_Work required_.
When writing out the entries below, keep only the lines from the line with "10 Stylish Preschool" to the line with "Inseldorf auf Iona", both included, exactly as they are, and leave the pictures aside.

_Working data_.
####################
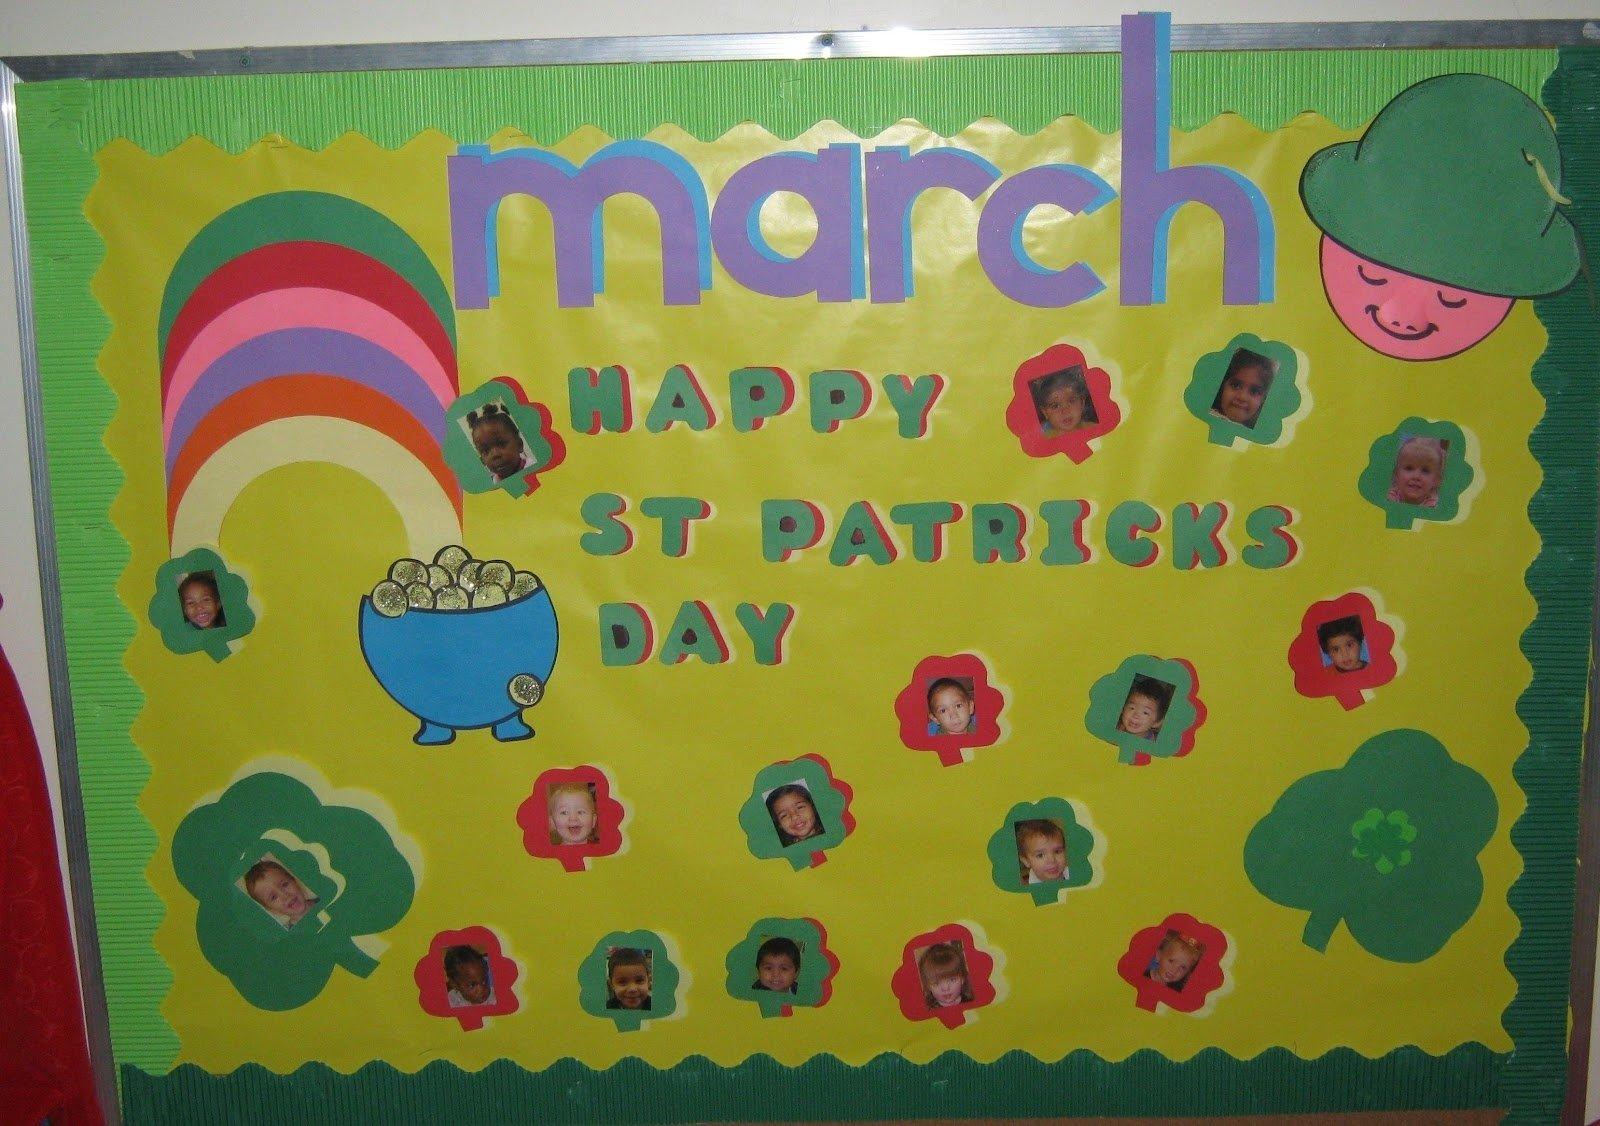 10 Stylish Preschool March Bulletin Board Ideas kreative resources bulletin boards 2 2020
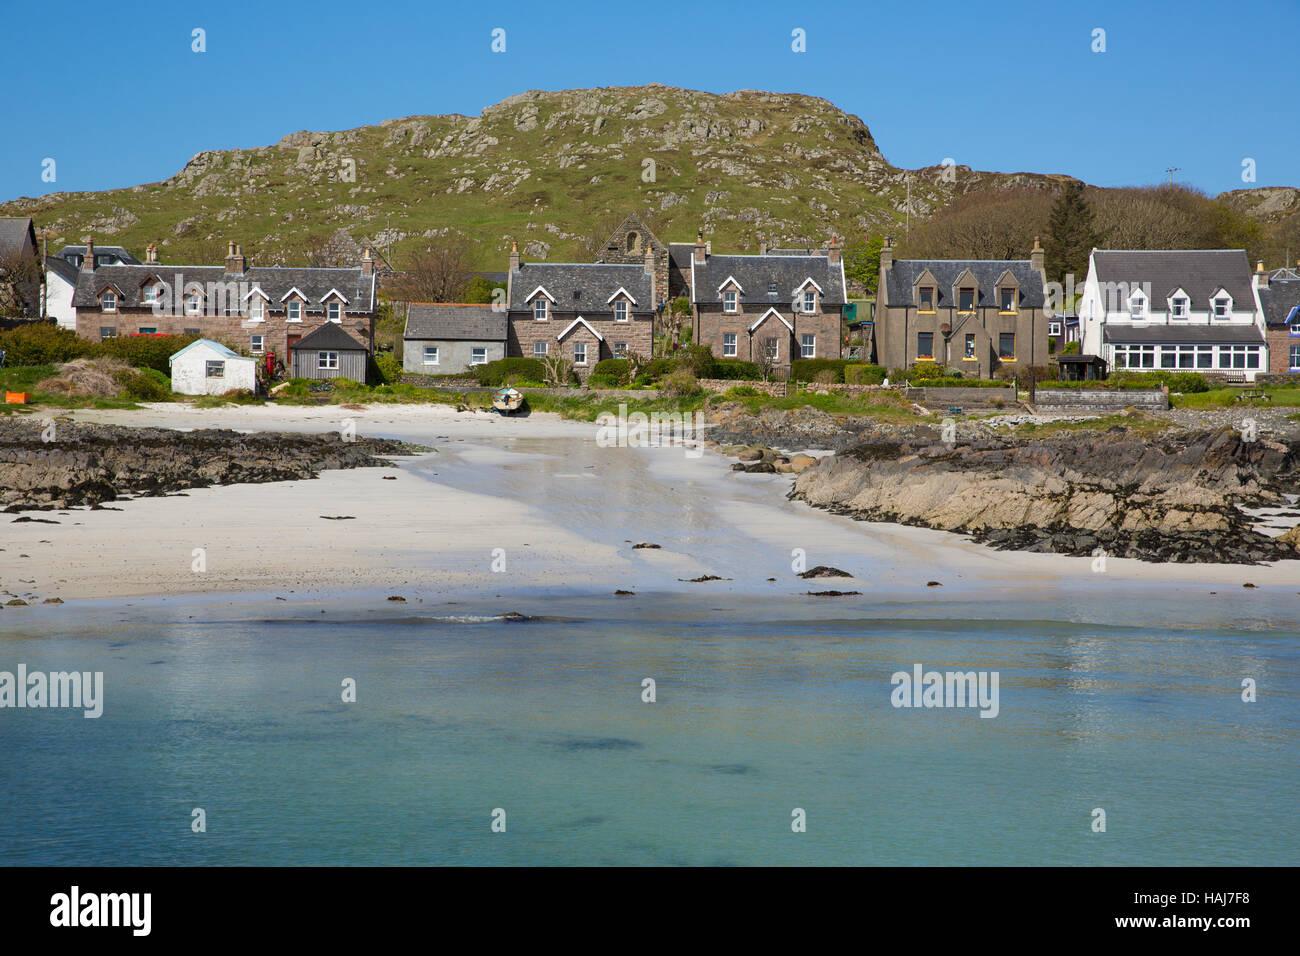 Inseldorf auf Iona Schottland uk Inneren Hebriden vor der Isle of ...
####################
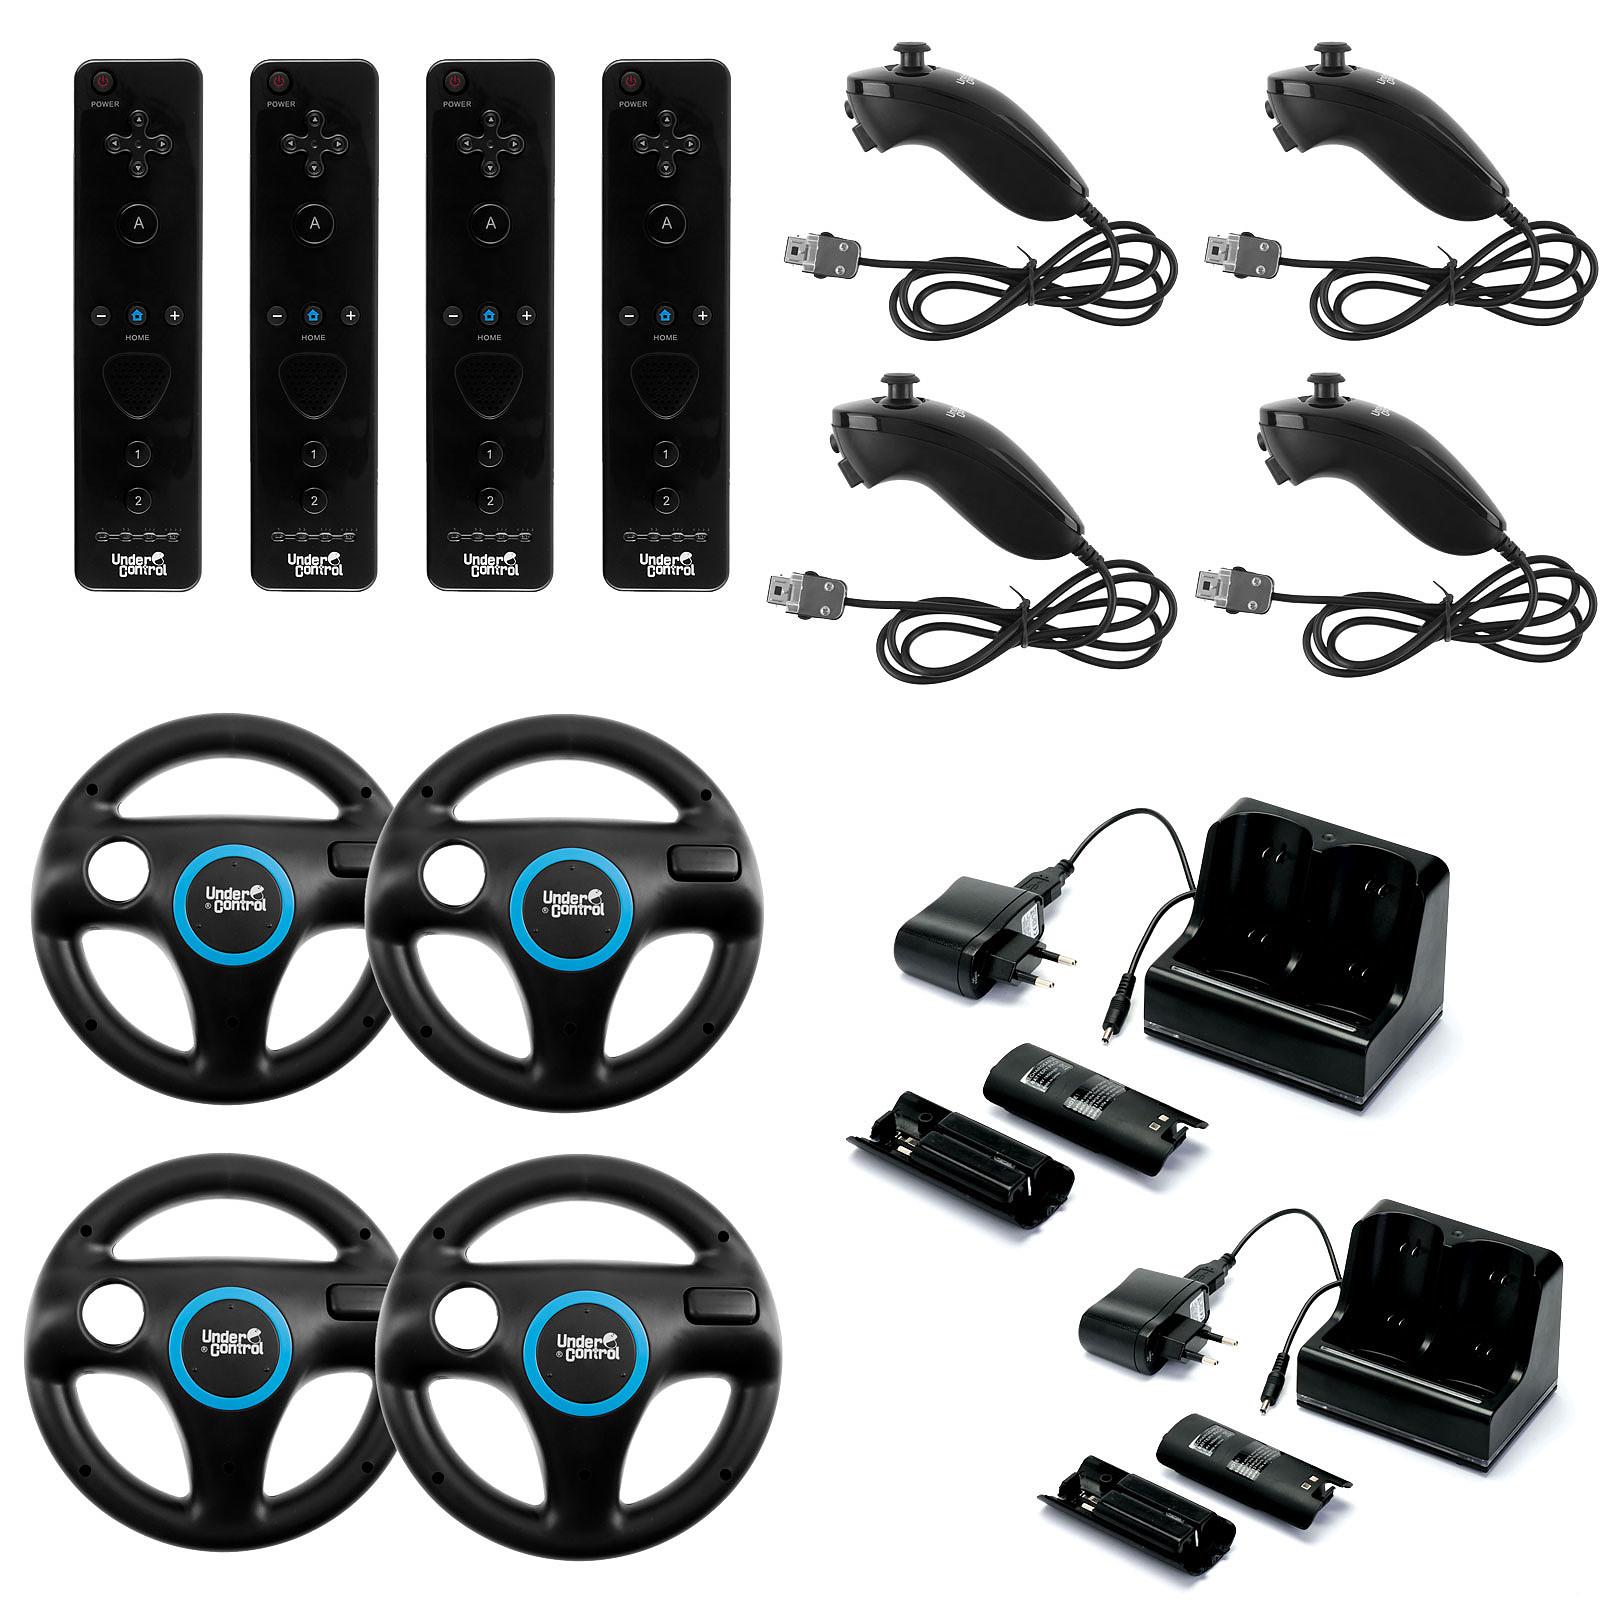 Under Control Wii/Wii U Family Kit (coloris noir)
####################
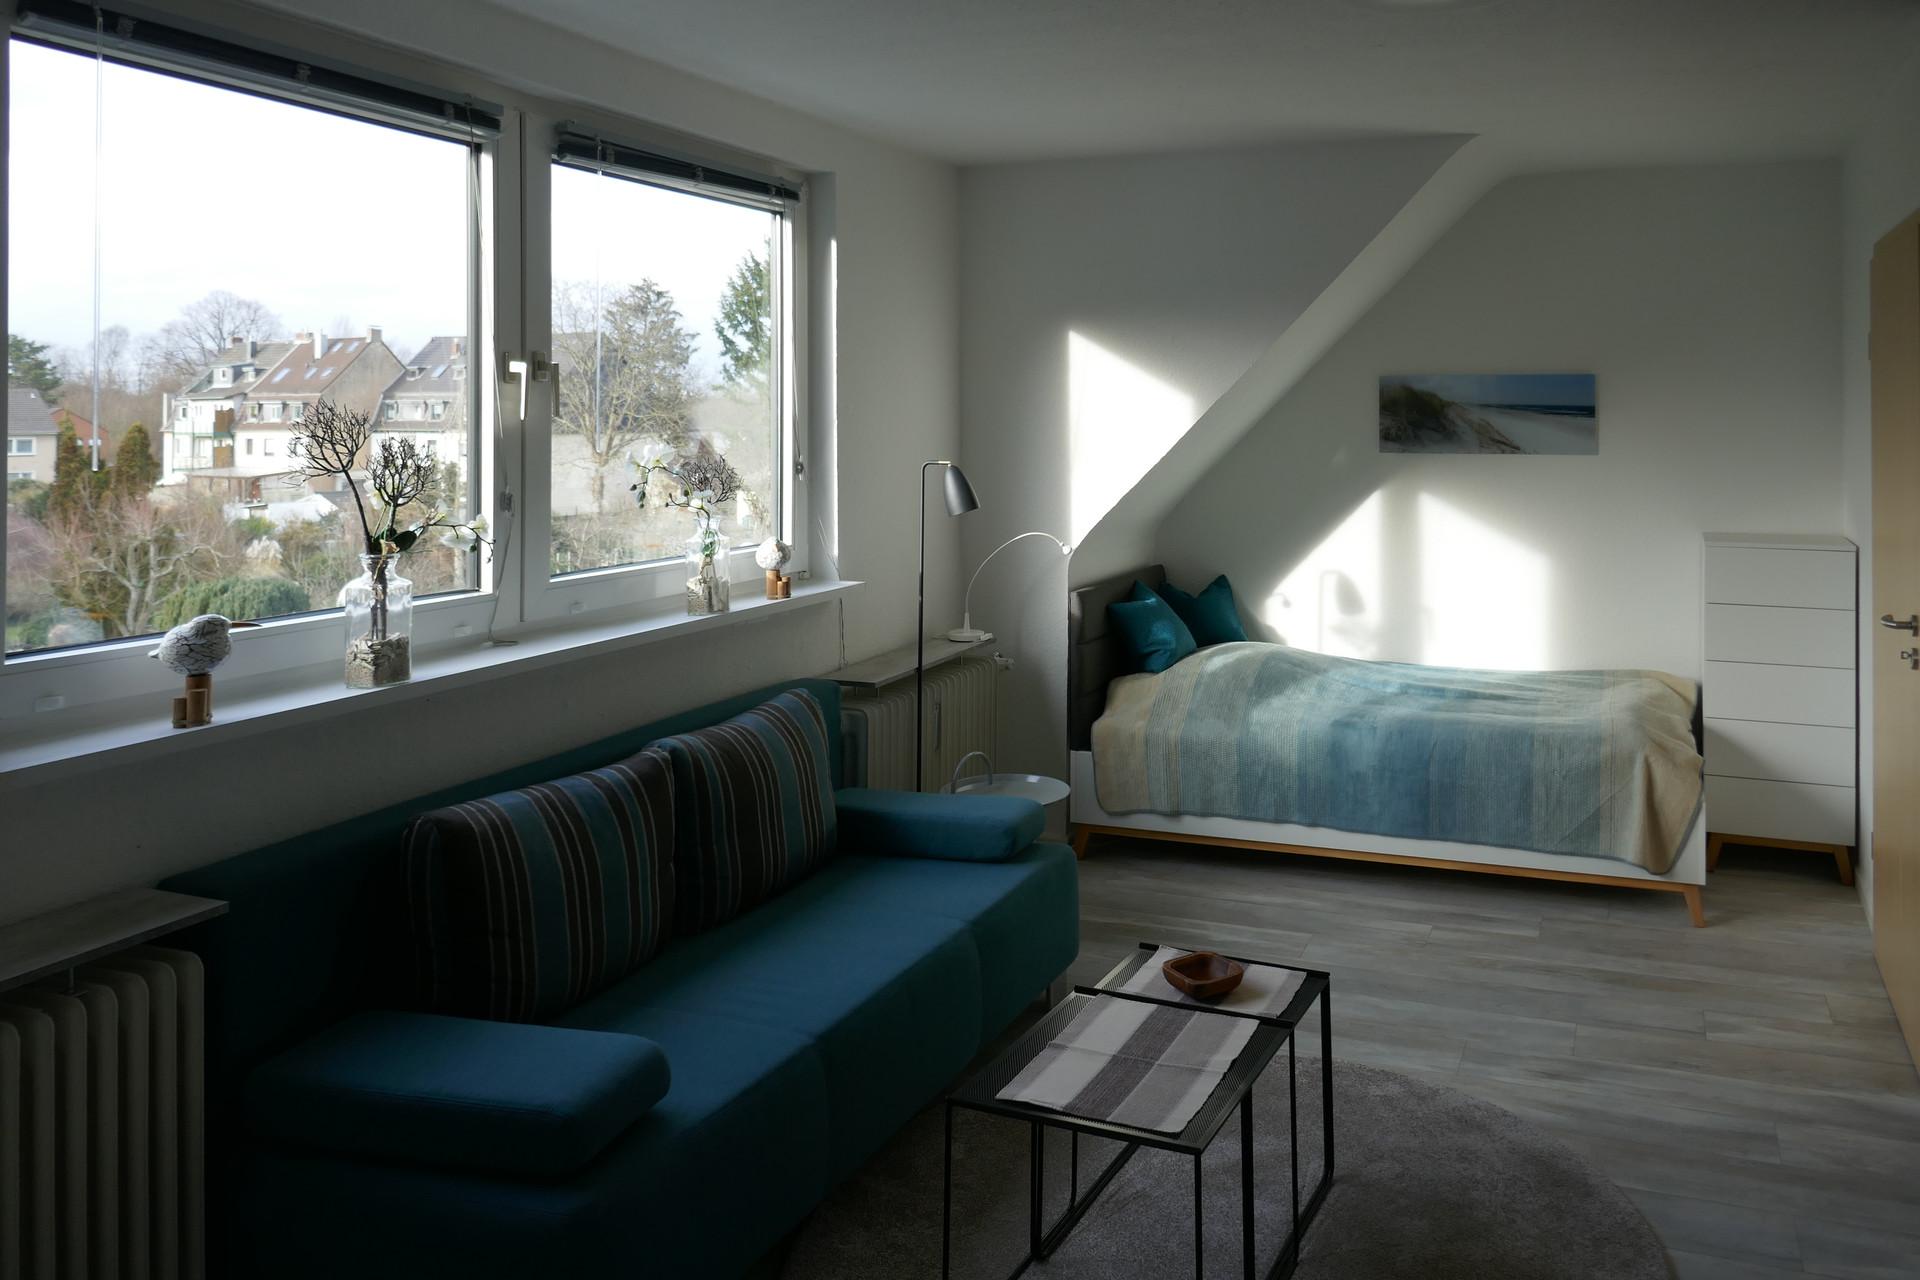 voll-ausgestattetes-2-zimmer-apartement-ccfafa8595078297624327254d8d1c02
####################
_Answer below_.
 10 Stylish Preschool March Bulletin Board Ideas kreative resources bulletin boards 2 2020
 Inseldorf auf Iona Schottland uk Inneren Hebriden vor der Isle of ...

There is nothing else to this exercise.